EXERCISE BRIEF: All of the listing is to be written out word for word, with the pictures left out.

GIVEN DATA:
▬▬▬▬▬▬

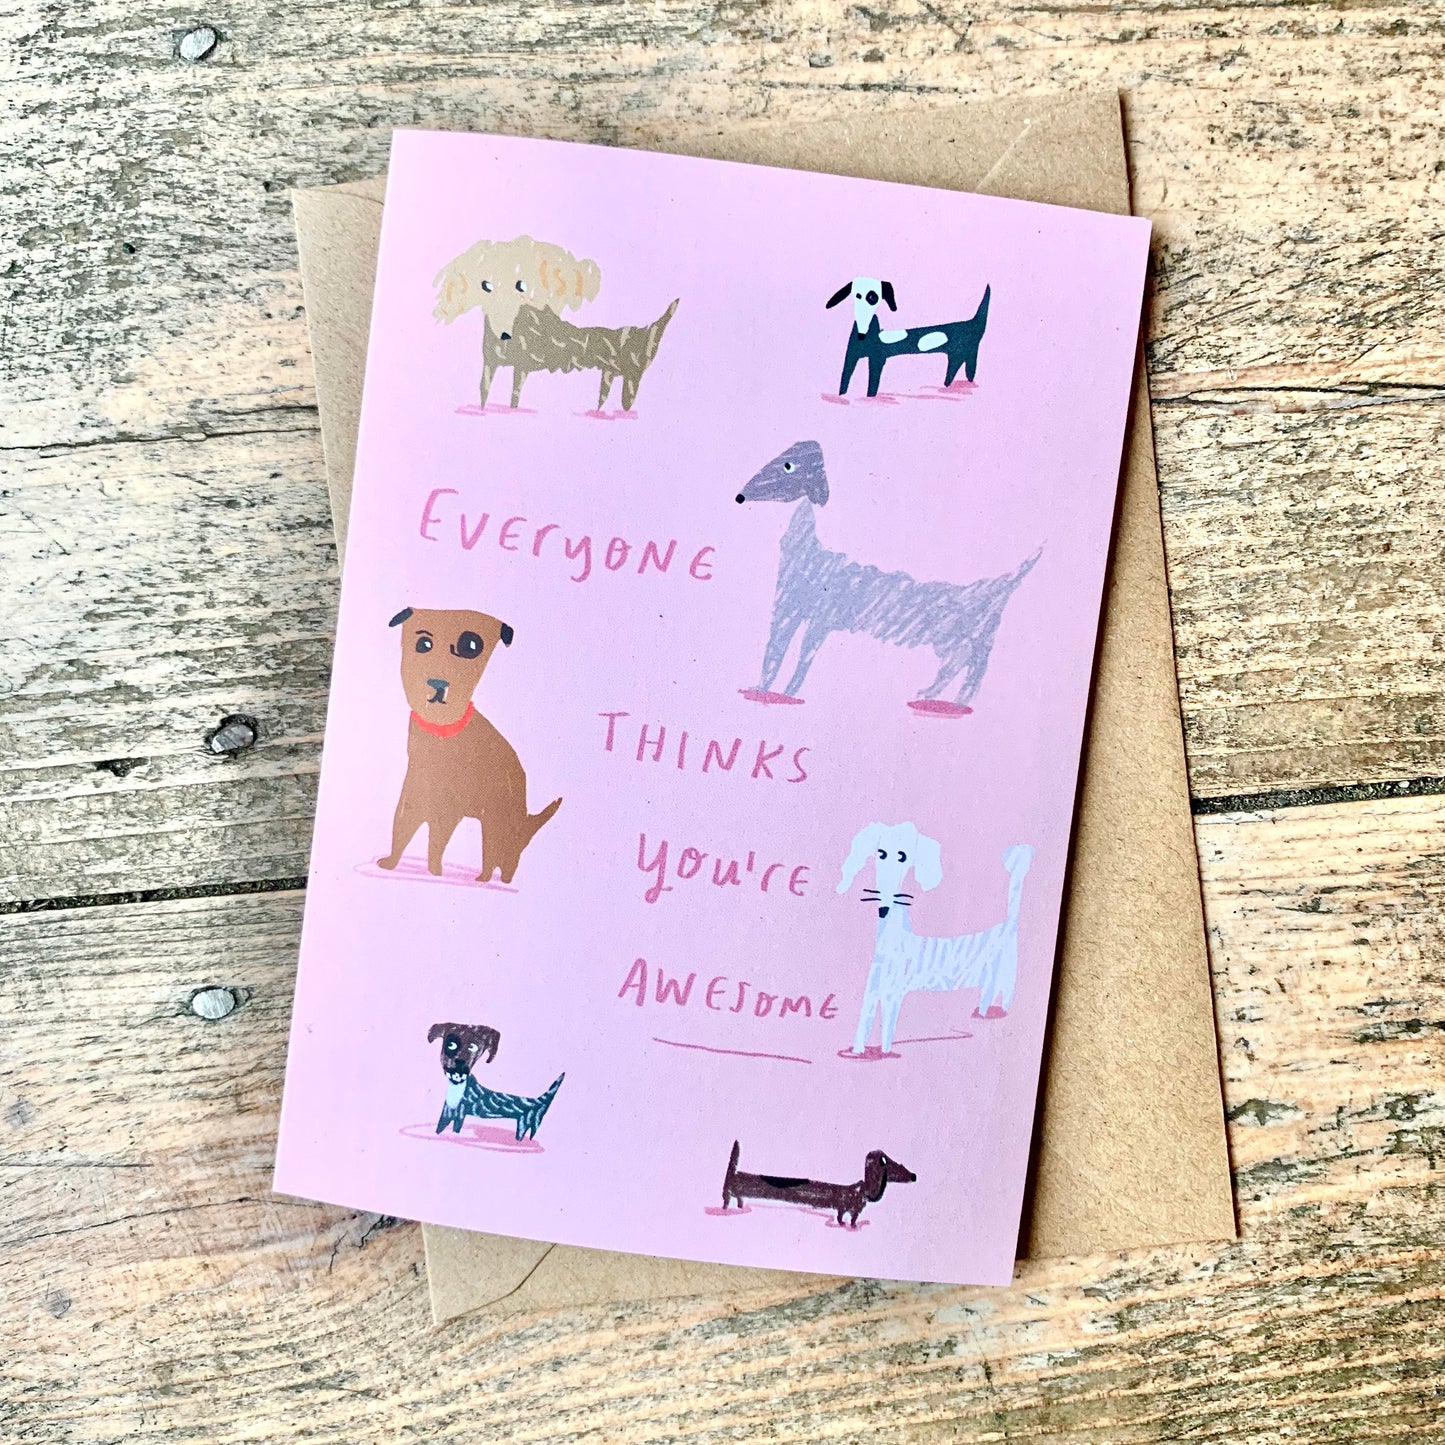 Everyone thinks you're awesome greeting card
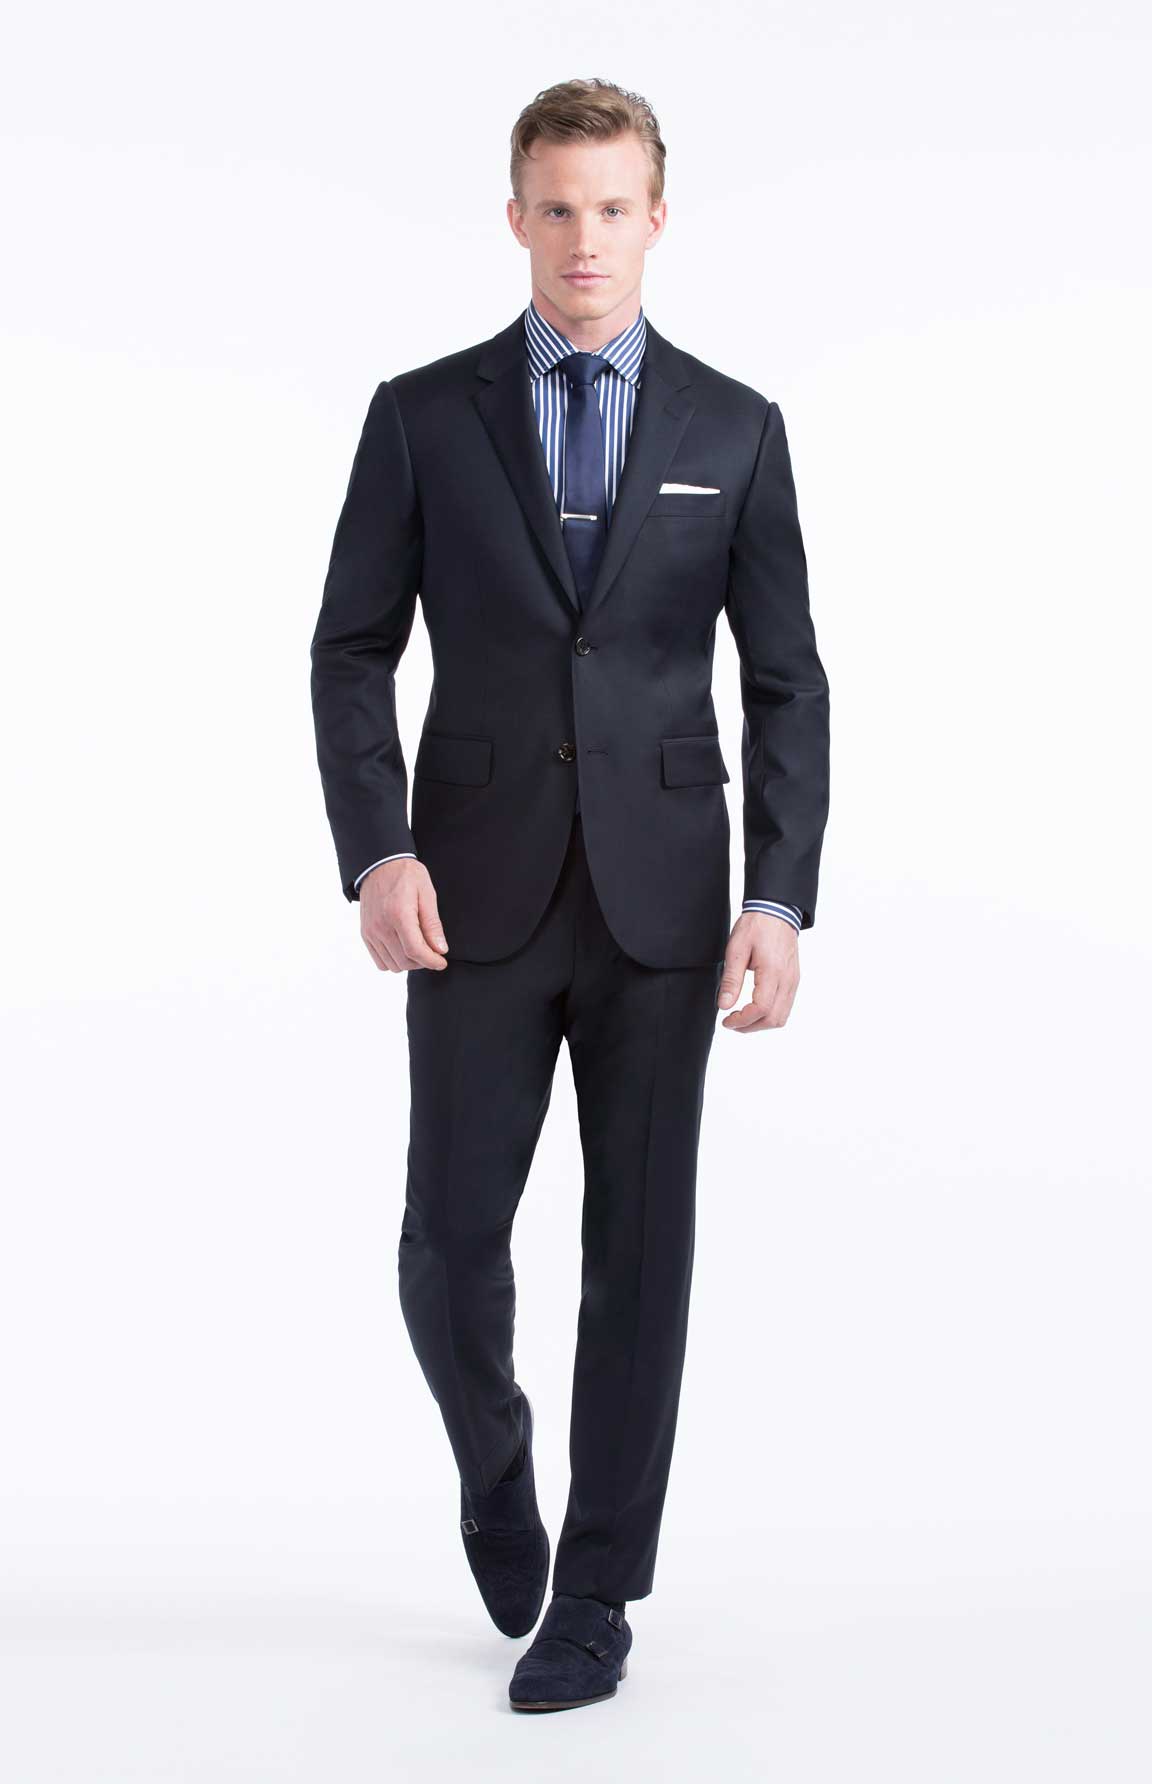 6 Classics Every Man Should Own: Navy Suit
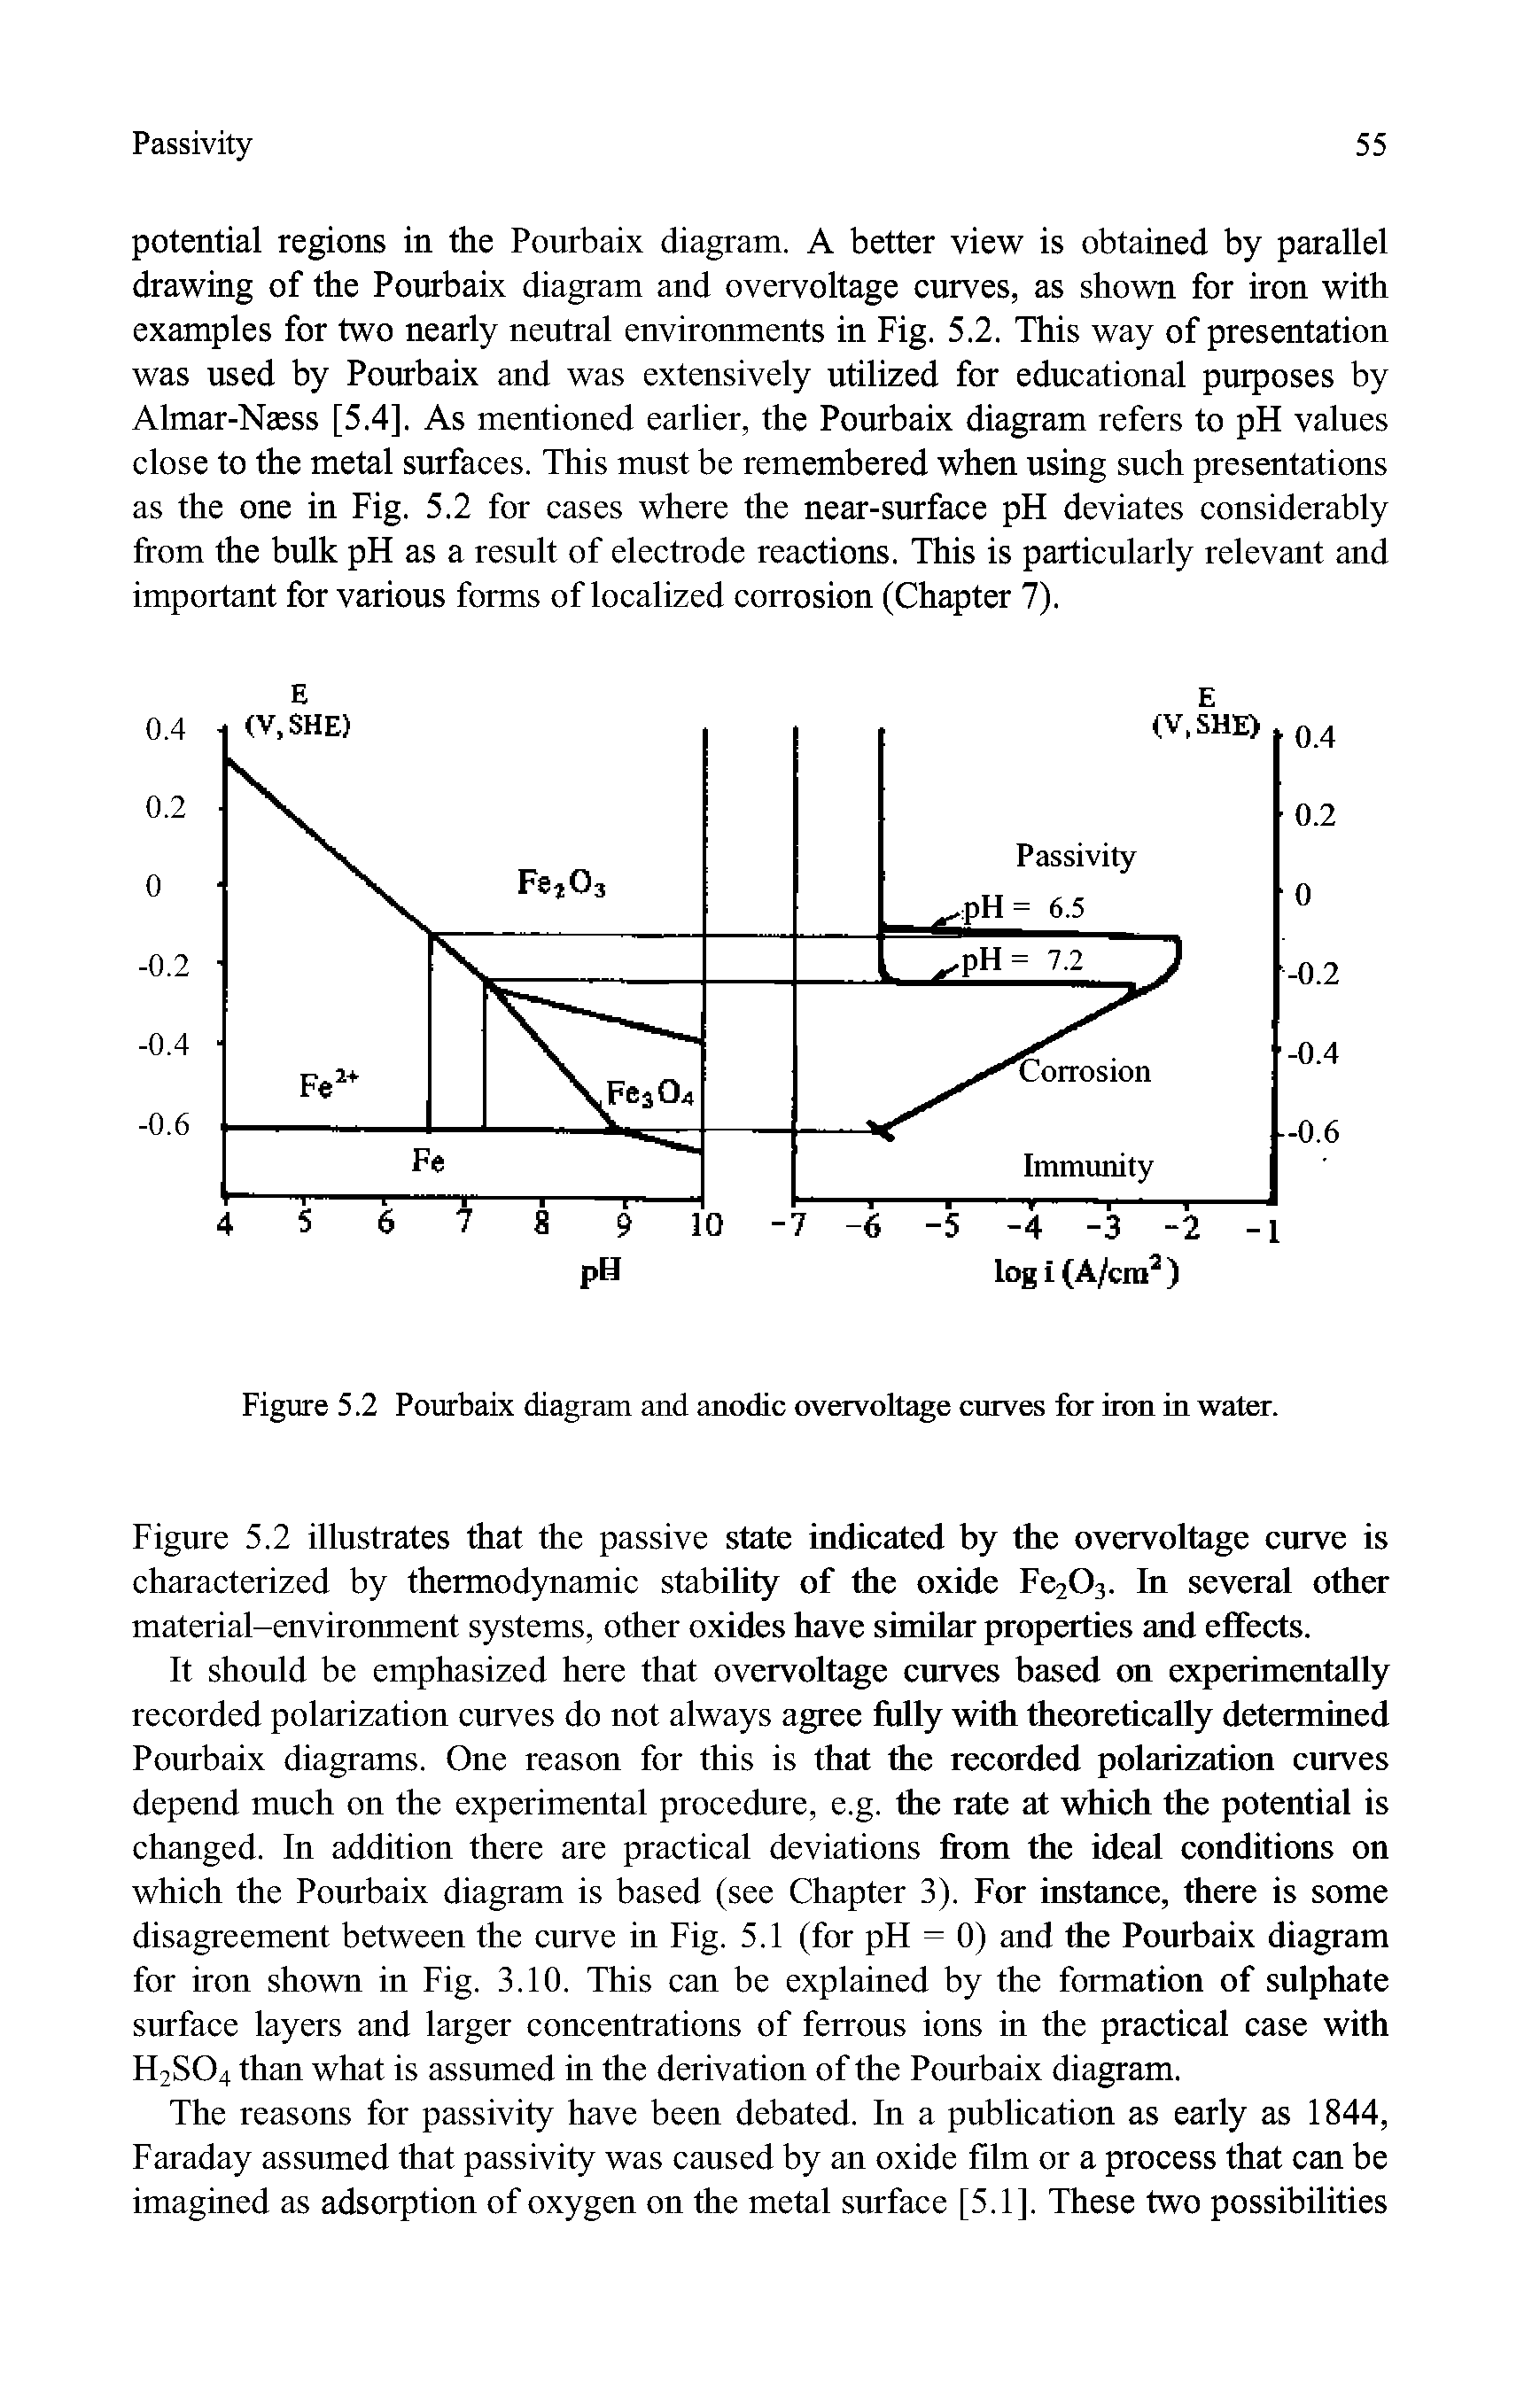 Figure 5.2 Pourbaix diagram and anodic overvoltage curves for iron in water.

▬▬▬▬▬▬

EXERCISE RESPONSE:
 Everyone thinks you're awesome greeting card
 6 Classics Every Man Should Own: Navy Suit
 Figure 5.2 Pourbaix diagram and anodic overvoltage curves for iron in water.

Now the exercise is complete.